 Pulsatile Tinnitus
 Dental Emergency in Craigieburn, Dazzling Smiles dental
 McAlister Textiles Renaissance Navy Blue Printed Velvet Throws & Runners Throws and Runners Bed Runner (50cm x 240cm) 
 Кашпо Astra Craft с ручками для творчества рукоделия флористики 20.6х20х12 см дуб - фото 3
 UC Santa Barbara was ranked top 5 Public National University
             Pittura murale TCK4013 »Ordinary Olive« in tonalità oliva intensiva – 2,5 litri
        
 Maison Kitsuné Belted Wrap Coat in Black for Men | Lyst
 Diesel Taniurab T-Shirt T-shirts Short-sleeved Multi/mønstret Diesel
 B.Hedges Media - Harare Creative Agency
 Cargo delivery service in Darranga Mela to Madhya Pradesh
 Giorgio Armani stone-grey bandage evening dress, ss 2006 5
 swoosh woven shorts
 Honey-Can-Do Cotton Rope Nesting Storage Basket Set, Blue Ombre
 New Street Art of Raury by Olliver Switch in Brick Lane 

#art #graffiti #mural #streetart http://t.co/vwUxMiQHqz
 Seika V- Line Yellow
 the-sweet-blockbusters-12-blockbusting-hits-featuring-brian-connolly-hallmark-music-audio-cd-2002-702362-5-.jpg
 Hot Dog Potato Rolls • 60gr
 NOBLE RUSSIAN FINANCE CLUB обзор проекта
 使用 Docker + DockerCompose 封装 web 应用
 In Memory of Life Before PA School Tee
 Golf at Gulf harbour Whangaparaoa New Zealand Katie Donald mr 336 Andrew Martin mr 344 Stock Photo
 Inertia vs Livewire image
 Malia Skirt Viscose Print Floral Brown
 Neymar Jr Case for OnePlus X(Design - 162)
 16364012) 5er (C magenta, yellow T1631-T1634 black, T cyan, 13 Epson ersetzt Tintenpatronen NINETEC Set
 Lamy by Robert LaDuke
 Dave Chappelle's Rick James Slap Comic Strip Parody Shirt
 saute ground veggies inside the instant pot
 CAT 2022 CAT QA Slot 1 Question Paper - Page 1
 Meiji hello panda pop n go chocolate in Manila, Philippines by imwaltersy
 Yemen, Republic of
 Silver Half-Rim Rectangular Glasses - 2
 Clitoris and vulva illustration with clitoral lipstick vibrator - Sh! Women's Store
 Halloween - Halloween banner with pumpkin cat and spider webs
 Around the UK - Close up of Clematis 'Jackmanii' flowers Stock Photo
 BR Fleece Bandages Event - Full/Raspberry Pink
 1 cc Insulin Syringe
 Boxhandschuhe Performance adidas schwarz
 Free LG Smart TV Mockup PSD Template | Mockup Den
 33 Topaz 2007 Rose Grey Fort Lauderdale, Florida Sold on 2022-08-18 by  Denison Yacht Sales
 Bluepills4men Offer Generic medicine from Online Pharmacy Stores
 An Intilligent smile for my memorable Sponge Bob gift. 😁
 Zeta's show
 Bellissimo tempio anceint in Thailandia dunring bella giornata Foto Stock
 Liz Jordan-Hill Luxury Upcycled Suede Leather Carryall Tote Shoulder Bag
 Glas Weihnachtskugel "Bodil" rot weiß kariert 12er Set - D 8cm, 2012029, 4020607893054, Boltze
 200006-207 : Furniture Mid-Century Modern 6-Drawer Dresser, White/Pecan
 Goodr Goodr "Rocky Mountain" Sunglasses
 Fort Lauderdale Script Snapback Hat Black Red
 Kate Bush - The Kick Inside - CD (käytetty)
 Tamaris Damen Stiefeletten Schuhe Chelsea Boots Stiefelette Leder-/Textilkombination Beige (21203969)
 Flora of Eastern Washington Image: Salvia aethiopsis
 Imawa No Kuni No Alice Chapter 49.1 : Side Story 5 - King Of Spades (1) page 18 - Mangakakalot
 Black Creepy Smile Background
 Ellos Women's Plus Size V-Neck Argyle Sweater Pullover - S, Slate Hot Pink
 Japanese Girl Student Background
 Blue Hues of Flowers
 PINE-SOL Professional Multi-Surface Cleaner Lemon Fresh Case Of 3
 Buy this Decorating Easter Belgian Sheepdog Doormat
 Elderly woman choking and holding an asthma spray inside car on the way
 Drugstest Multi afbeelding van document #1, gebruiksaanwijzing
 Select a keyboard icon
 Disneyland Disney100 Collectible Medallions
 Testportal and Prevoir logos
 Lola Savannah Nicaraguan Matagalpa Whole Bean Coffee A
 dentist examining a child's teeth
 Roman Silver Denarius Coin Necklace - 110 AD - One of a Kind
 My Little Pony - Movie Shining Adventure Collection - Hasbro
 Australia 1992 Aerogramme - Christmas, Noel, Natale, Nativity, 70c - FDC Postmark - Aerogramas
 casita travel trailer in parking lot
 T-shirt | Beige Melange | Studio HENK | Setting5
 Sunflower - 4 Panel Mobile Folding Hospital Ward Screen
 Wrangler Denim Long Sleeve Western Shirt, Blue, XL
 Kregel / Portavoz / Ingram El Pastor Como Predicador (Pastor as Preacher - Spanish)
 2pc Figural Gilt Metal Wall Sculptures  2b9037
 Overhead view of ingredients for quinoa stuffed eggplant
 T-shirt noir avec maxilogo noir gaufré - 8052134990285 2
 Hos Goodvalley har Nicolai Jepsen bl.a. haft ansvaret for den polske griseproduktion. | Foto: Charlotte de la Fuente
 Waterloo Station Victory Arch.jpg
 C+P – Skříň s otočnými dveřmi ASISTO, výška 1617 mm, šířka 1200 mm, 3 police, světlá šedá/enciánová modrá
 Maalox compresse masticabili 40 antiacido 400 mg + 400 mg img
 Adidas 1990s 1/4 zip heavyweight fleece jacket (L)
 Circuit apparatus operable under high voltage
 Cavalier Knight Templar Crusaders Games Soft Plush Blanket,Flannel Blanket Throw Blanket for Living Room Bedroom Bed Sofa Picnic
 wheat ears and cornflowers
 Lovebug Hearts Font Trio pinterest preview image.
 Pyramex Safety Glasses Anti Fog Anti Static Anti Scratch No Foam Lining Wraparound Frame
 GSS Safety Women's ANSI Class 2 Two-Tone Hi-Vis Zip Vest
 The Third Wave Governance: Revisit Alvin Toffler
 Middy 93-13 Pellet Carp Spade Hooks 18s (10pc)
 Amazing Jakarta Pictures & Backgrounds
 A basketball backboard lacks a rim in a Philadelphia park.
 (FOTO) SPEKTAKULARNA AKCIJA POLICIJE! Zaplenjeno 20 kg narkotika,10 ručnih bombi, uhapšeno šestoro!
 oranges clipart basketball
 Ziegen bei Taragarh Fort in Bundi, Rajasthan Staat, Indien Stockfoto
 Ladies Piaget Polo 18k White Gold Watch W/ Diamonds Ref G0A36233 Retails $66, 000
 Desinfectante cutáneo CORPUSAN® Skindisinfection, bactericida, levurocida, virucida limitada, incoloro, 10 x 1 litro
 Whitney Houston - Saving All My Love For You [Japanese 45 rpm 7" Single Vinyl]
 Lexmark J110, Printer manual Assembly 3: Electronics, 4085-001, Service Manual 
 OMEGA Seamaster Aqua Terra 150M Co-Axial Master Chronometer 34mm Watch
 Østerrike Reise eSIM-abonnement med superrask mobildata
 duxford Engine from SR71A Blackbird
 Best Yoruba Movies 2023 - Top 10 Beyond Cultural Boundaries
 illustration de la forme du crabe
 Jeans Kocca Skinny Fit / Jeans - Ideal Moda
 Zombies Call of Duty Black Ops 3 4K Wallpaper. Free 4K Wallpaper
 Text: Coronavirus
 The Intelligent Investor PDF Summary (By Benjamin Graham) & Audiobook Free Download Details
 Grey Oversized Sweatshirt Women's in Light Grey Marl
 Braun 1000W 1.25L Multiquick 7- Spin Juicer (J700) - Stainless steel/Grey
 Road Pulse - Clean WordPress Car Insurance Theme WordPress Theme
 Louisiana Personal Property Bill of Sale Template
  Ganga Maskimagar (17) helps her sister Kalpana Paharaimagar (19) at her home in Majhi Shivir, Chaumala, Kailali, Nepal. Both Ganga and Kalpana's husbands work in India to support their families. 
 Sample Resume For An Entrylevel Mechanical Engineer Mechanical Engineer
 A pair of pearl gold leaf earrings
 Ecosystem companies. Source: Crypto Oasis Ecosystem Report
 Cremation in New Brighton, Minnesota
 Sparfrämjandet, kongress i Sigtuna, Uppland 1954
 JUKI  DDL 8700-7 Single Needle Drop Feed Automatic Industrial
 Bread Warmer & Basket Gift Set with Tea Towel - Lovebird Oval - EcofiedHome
::::
Problem description — Copy the lines above exactly, beginning at the line that has "The Third Wave" and stopping after the line that has "Louisiana Personal Property", and omit the rest.

Exercise result —
 The Third Wave Governance: Revisit Alvin Toffler
 Middy 93-13 Pellet Carp Spade Hooks 18s (10pc)
 Amazing Jakarta Pictures & Backgrounds
 A basketball backboard lacks a rim in a Philadelphia park.
 (FOTO) SPEKTAKULARNA AKCIJA POLICIJE! Zaplenjeno 20 kg narkotika,10 ručnih bombi, uhapšeno šestoro!
 oranges clipart basketball
 Ziegen bei Taragarh Fort in Bundi, Rajasthan Staat, Indien Stockfoto
 Ladies Piaget Polo 18k White Gold Watch W/ Diamonds Ref G0A36233 Retails $66, 000
 Desinfectante cutáneo CORPUSAN® Skindisinfection, bactericida, levurocida, virucida limitada, incoloro, 10 x 1 litro
 Whitney Houston - Saving All My Love For You [Japanese 45 rpm 7" Single Vinyl]
 Lexmark J110, Printer manual Assembly 3: Electronics, 4085-001, Service Manual 
 OMEGA Seamaster Aqua Terra 150M Co-Axial Master Chronometer 34mm Watch
 Østerrike Reise eSIM-abonnement med superrask mobildata
 duxford Engine from SR71A Blackbird
 Best Yoruba Movies 2023 - Top 10 Beyond Cultural Boundaries
 illustration de la forme du crabe
 Jeans Kocca Skinny Fit / Jeans - Ideal Moda
 Zombies Call of Duty Black Ops 3 4K Wallpaper. Free 4K Wallpaper
 Text: Coronavirus
 The Intelligent Investor PDF Summary (By Benjamin Graham) & Audiobook Free Download Details
 Grey Oversized Sweatshirt Women's in Light Grey Marl
 Braun 1000W 1.25L Multiquick 7- Spin Juicer (J700) - Stainless steel/Grey
 Road Pulse - Clean WordPress Car Insurance Theme WordPress Theme
 Louisiana Personal Property Bill of Sale Template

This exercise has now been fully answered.